Afterwards I'd need to write stuff into it, I'm not really sure on how to go on about that. Could anyone point me to some examples or something? I just need to see what is required to write my own thing.
Here's an example using system calls. Basically, you just open the file, write some data to it, then close and exit:
; nasm -f elf file.asm
; ld -m elf_i386 file.o
BITS 32
section .data
; don't forget the 0 terminator if it akes a C string!
filename: db 'test.txt', 0
; an error message to be printed with write(). The function doesn't
; use a C string so no need for a 0 here, but we do need length.
error_message: db 'Something went wrong.', 10 ; 10 == \n
; this next line means current location minus the error_message location
; which works out the message length.
; many of the system calls use pointer+length pairs instead of
; 0 terminated strings.
error_message_length: equ $ - error_message
; a message we'll write to our file, same as the error message
hello: db 'Hello, file!', 10 ; the 10 is a newline at the end
hello_length: equ $ - hello
fd: dd 0 ; this is like a global int variable in C
; global variables are generally a bad idea and there's other
; ways to do it, but for simplicity I'm using one here as the
; other ways are a bit more work in asm
section .text
global _start
_start:
; first, open or create the file. in C it would be:
; // $ man 2 creat
; int fd = creat("file.txt", 0644); // the second argument is permission
; we get the syscall numbers from /usr/include/asm/unistd_32.h
mov eax, 8 ; creat
mov ebx, filename ; first argument
mov ecx, 644O ; the suffix O means Octal in nasm, like the leading 0 in C. see: http://www.nasm.us/doc/nasmdoc3.html
int 80h ; calls the kernel
cmp eax, -1 ; creat returns -1 on error
je error
mov [fd], eax ; the return value is in eax - the file descriptor
; now, we'll write something to the file
; // man 2 write
; write(fd, hello_pointer, hello_length)
mov eax, 4 ; write
mov ebx, [fd],
mov ecx, hello
mov edx, hello_length
int 80h
cmp eax, -1
; it should also close the file in a normal program upon write error
; since it is open, but meh, since we just terminate the kernel
; will clean up after us
je error
; and now we close the file
; // man 2 close
; close(fd);
mov eax, 6 ; close
mov ebx, [fd]
int 80h
; and now close the program by calling exit(0);
mov eax, 1 ; exit
mov ebx, 0 ; return value
int 80h
error:
mov eax, 4 ; write
mov ebx, 1 ; write to stdout - file #1
mov ecx, error_message ; pointer to the string
mov edx, error_message_length ; length of the string
int 80h ; print it
mov eax, 1 ; exit
mov ebx, 1 ; return value
int 80h
The file will be called a.out if you copied my link command above. The -o option to ld changes that.

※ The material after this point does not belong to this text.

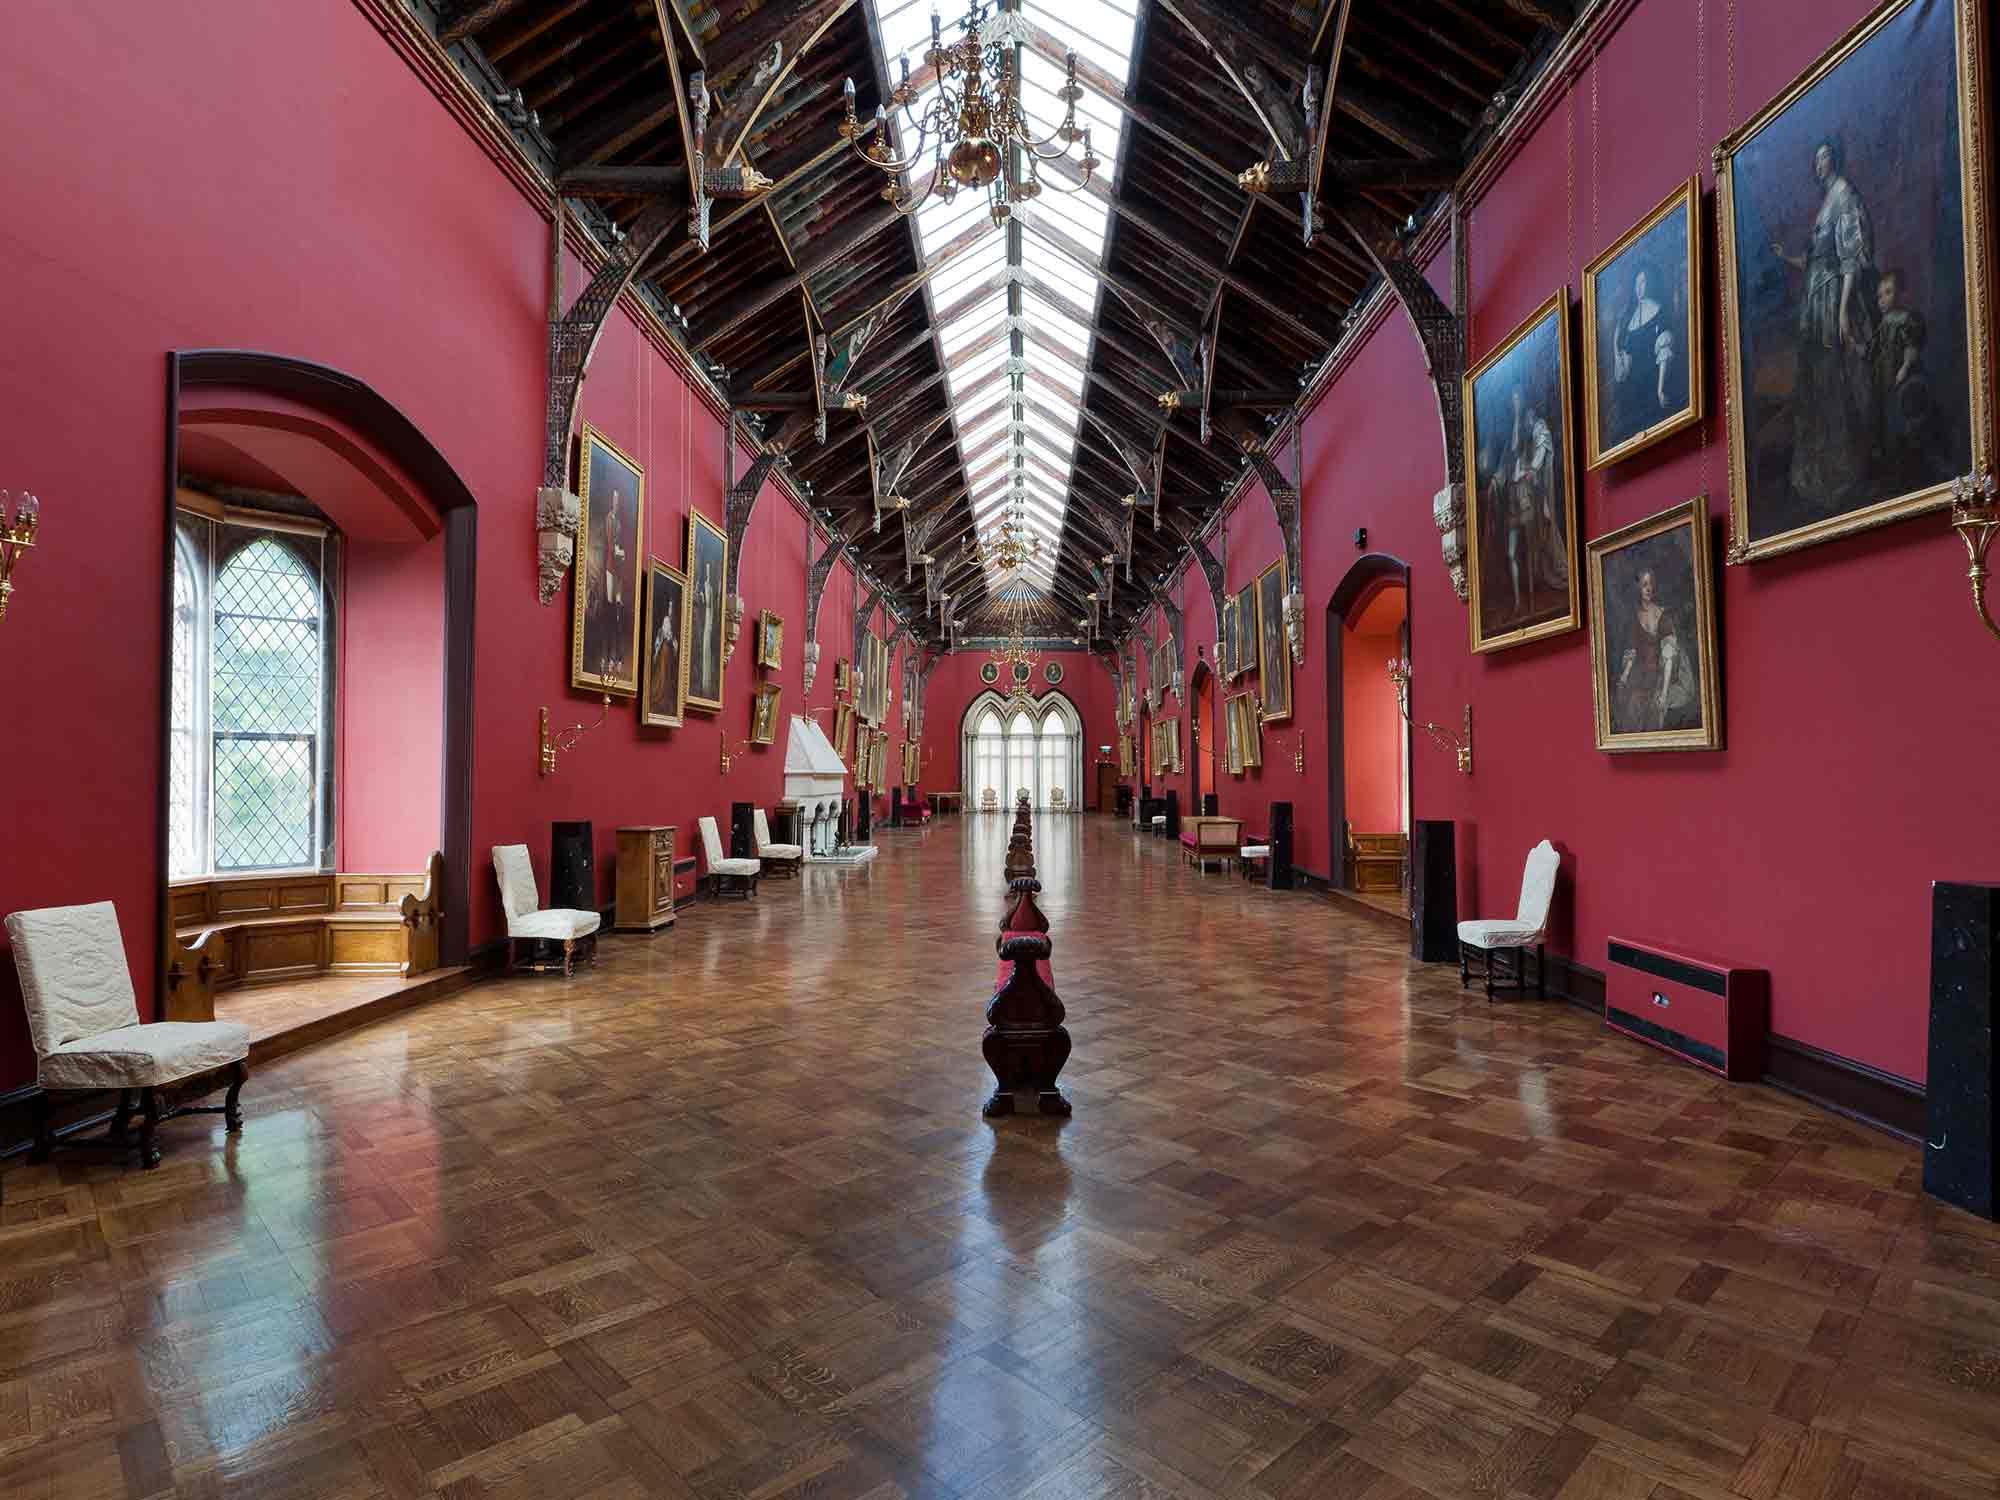 The Long Gallery, Kilkenny Castle

We can also call C functions, which helps if you need to write out things like numbers.
; nasm -f elf file.asm
; gcc -m32 file.o -nostdlib -lc # notice that we're using gcc to link, makes things a bit easier
; # the options are: -m32, 32 bit, -nostdlib, don't try to use the C lib cuz it will look for main()
; # and finally, -lc to add back some of the C standard library we want
BITS 32
; docs here: http://www.nasm.us/doc/nasmdoc6.html
; we declare the C functions as external symbols. the leading underscore is a C thing.
extern fopen
extern fprintf
extern fclose
section .data
; don't forget the 0 terminator if it akes a C string!
filename: db 'test.txt', 0
filemode: db 'wt', 0 ; the mode for fopen in C
format_string: db 'Hello with a number! %d is it.', 10, 0 ; new line and 0 terminator
; an error message to be printed with write(). The function doesn't
; use a C string so no need for a 0 here, but we do need length.
error_message: db 'Something went wrong.', 10 ; 10 == \n
; this next line means current location minus the error_message location
; which works out the message length.
; many of the system calls use pointer+length pairs instead of
; 0 terminated strings.
error_message_length: equ $ - error_message
fp: dd 0 ; this is like a global int variable in C
; global variables are generally a bad idea and there's other
; ways to do it, but for simplicity I'm using one here as the
; other ways are a bit more work in asm
section .text
global _start
_start:
; first, open or create the file. in C it would be:
; FILE* fp = fopen("text.txt", "wt");
; arguments for C functions are pushed on to the stack, right from left.
push filemode ; "wt"
push filename ; "text.txt"
call fopen
add esp, 8 ; we need to clean up our own stack. Since we pushed two four-byte items, we need to pop the 8 bytes back off. Alternatively, we could have called pop twice, but a single add instruction keeps our registers cleaner.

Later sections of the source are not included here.